Can I get a witness? © Courtesy of Tiff
Se in The Assessment le persone possono vivere per sempre e riprodursi a comando, Can I get a witness? di Ann Marie Fleming immagina un pianeta in cui, per mantenere in vita l’ecosistema, qualsiasi tipo di tecnologia è stata bandita e gli abitanti della Terra hanno il permesso di vivere solo fino al compimento dei 50 anni. Il testimone del titolo fa riferimento alle nuove figure lavorative che assistono i neo-cinquantenni nel trapasso, che avviene tramite l’inalazione di una sostanza misteriosa. Il film segue i passi dell’asdolescente Kiah (Keira Jang), che comincia a lavorare come documentatrice, ritraendo uomini e donne nei loro ultimi momenti. È accompagnata da Daniel (Joel Oulette), addetto agli aspetti legali e formali della dipartita. I due diventano rapidamente confidenti. In effetti è inevitabile non entrare in argomenti filosofici quando si fa un lavoro del genere, per cui, nel film, sono stati creati dei gruppi di sostegno. L’intera storia è una parabola filosofica sul tempo e sul senso della vita. Anche in questo caso, però, non mi sono chiari alcuni passaggi fondamentali. La madre di Kiah, Ellie (Sandra Oh), racconta brevemente di come i vertici al potere, superato il punto di non ritorno climatico, si siano messi d’accordo nell’accettare questo delicato accordo dei 50 anni, mettendo da parte i vecchi rancori. Spesso si fanno battute e si lanciano frecciatine su come un tempo la gente fosse estremamente consumista, ecologicamente incosciente, proclamando, di contro, il successo di questo nuovo sistema, che permetterà di godere della Terra e del Sole «per sempre» (ehm, non penso che sia astronomicamente possibile).

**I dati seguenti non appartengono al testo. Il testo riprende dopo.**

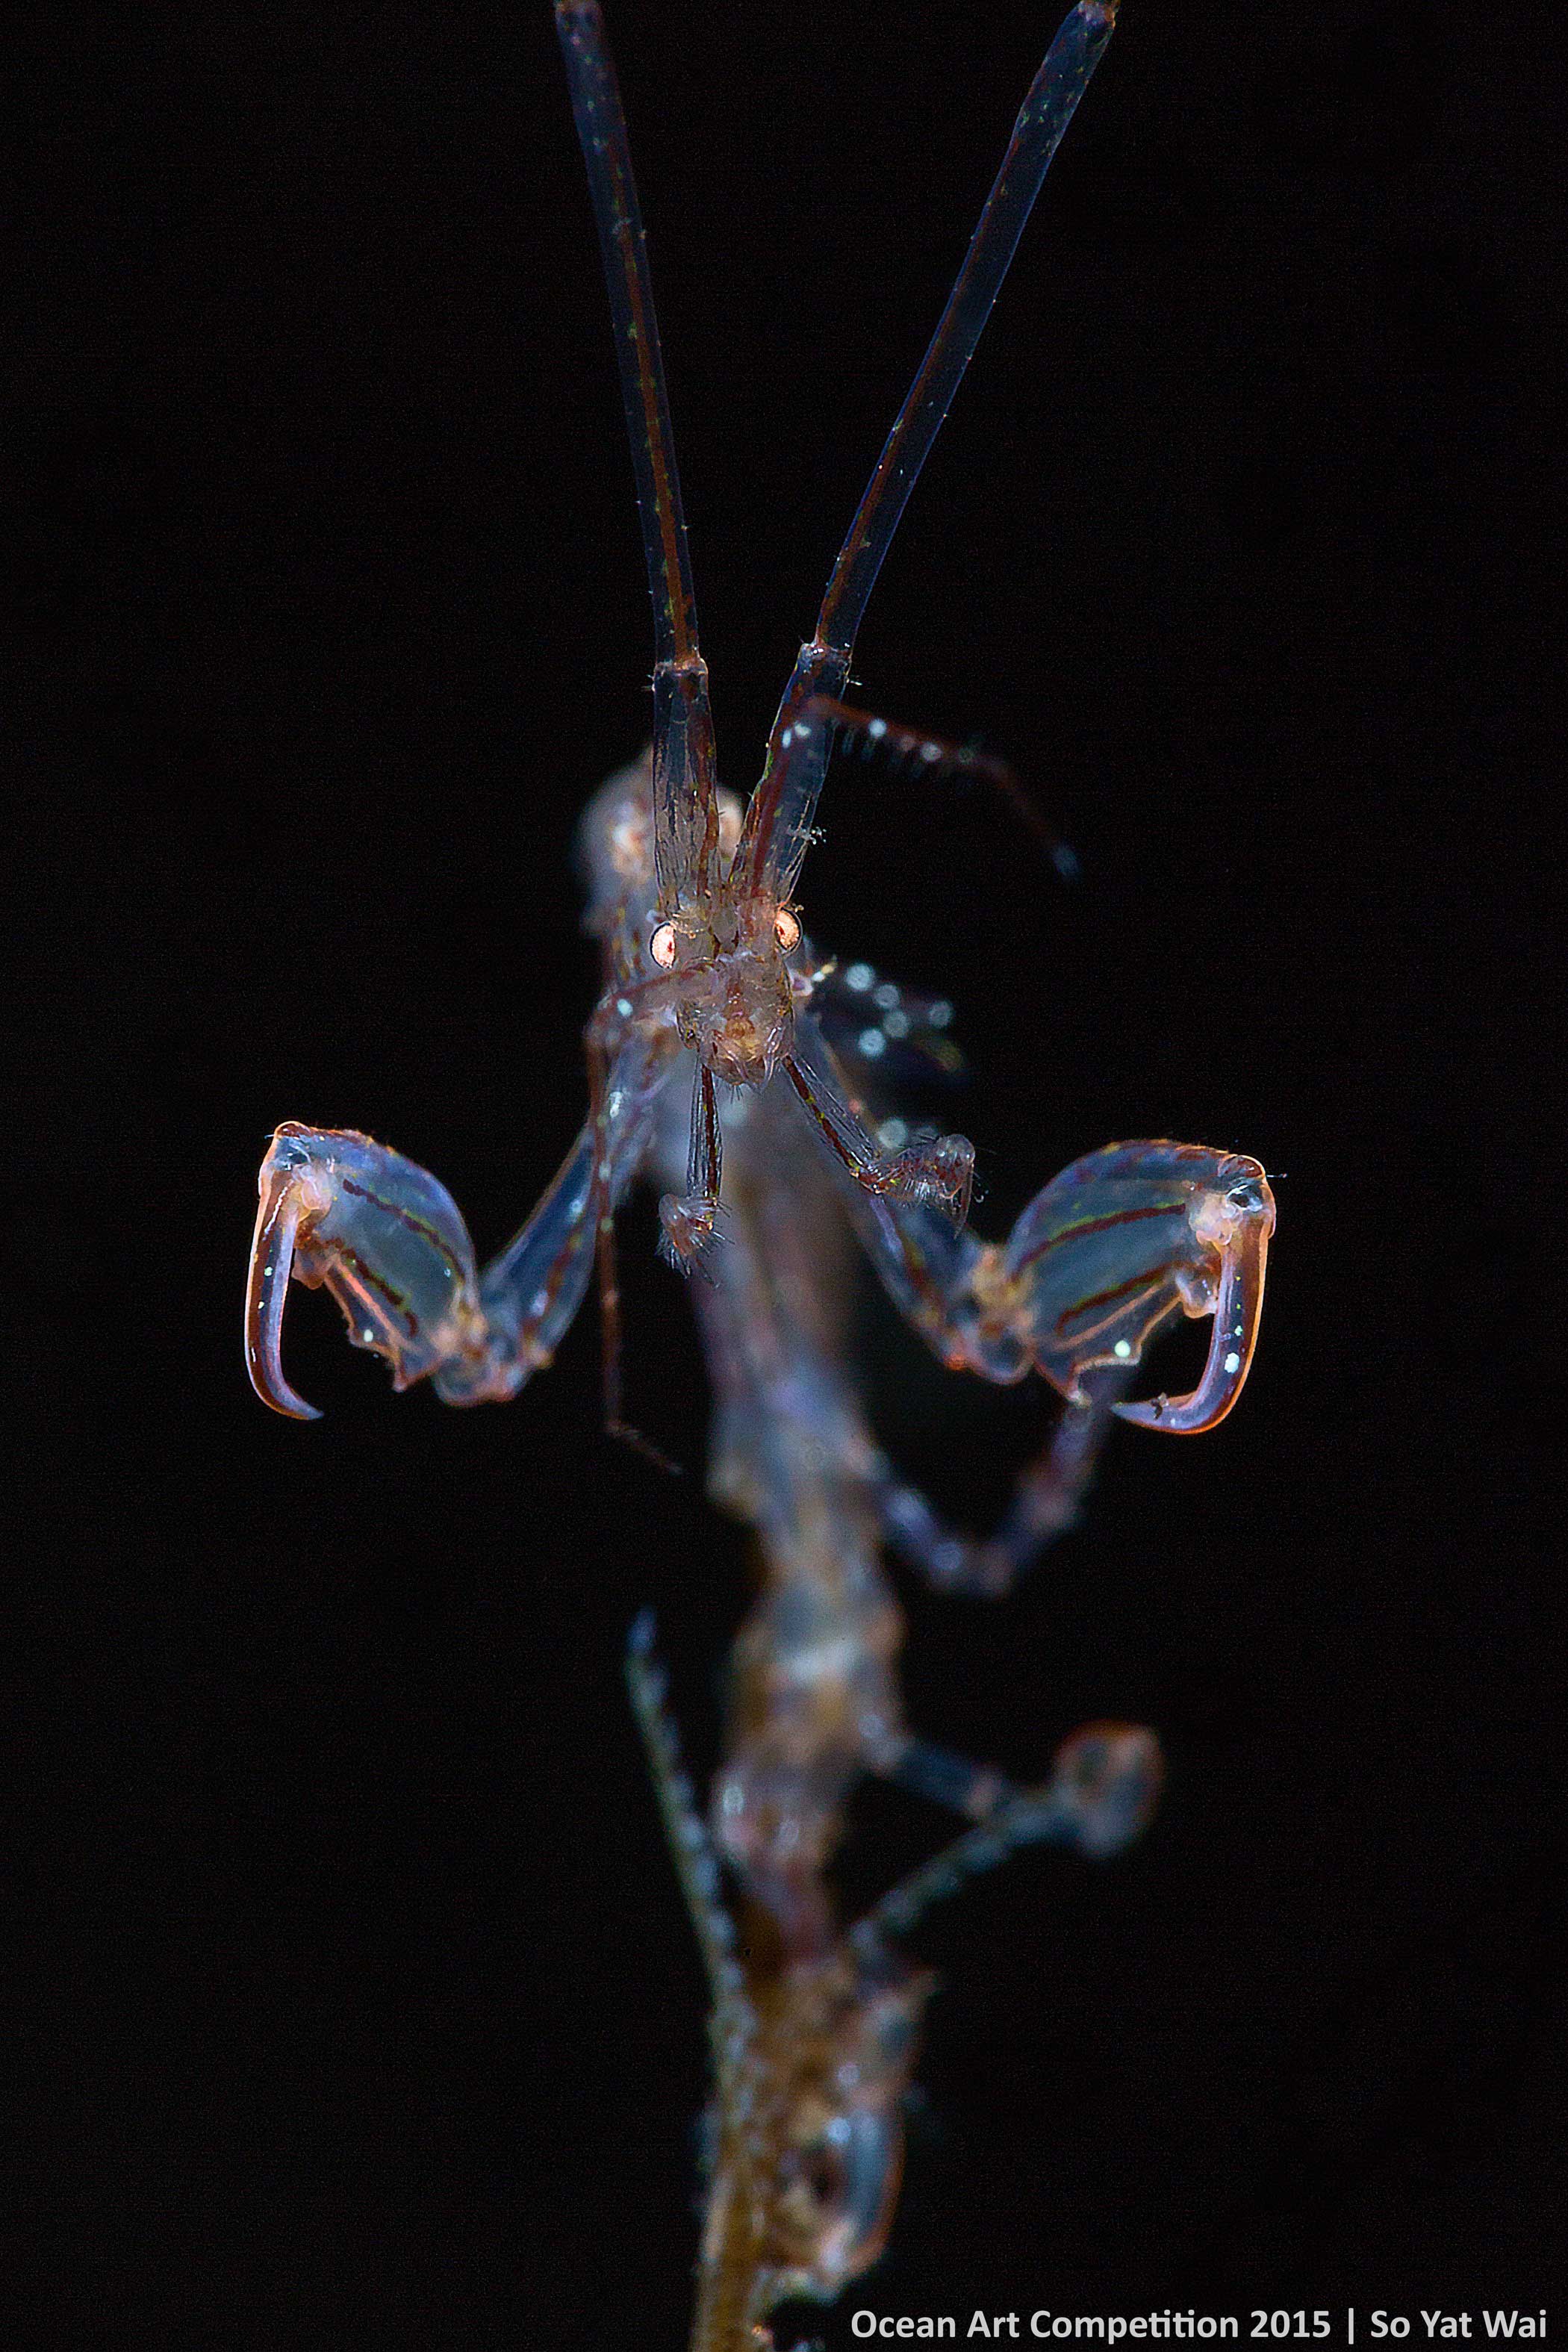 Owing to the shallow depth of field of super macro photography, it is hard to get both claws, face and tentacles in focus. Therefore i had kept shooting when I felt all of these target points nearly rest in same focal plane. I took around 60 shoots in order to get the skeleton shrimp stay in the centre of the frame and all target points in sharp focus.  - So Yat Wai

Can I get a witness? © Courtesy of Tiff
Le intenzioni di Can I get a witness? sono assolutamente legittime e penso che sia un modo interessante di porre l’accento sull’importanza di uno stile di vita più comunicativo e rispettoso dell’altro. Tuttavia, resto comunque dell’impressione che si sia fermi sulle stesse meccaniche di pensiero. Ad esempio: se ho “solo” 50 anni di vita davanti a me, perché devo continuare a lavorare? Perché devo obbedire? Mi chiedo se, di fronte a questa eventualità, mi sentirei più stimolata a fare tutte quelle cose che rimando da tempo o se, invece cadrei in una profonda depressione apatica. Probabilmente un po’ dell’uno e un po’ dell’altro. Il giorno prima sei il re del mondo e quello dopo stai annegando nelle gelide acque dell’oceano Atlantico. Benissimo… (x3).
Il fatto è: cosa ci lasceremo dietro? Durante la proiezione ho incontrato il ventinovenne Eric Tish, Programming Manager di Reel Canada, al Tiff per entrare nel Guinness World Record con il maggior numero di film visti durante un festival cinematografico. Lui almeno ce l’ha un obiettivo. Quale sarà la mia eredità invece? Sicuramente un’altra tazza di caffè, che resterà su questa terra molto più di me. Vorrei essere più coraggiosa di così ed essere «quell’orma di piè mortale che la sua cruenta polvere a calpestar verrà». Ma ora mi sto dando decisamente troppa importanza.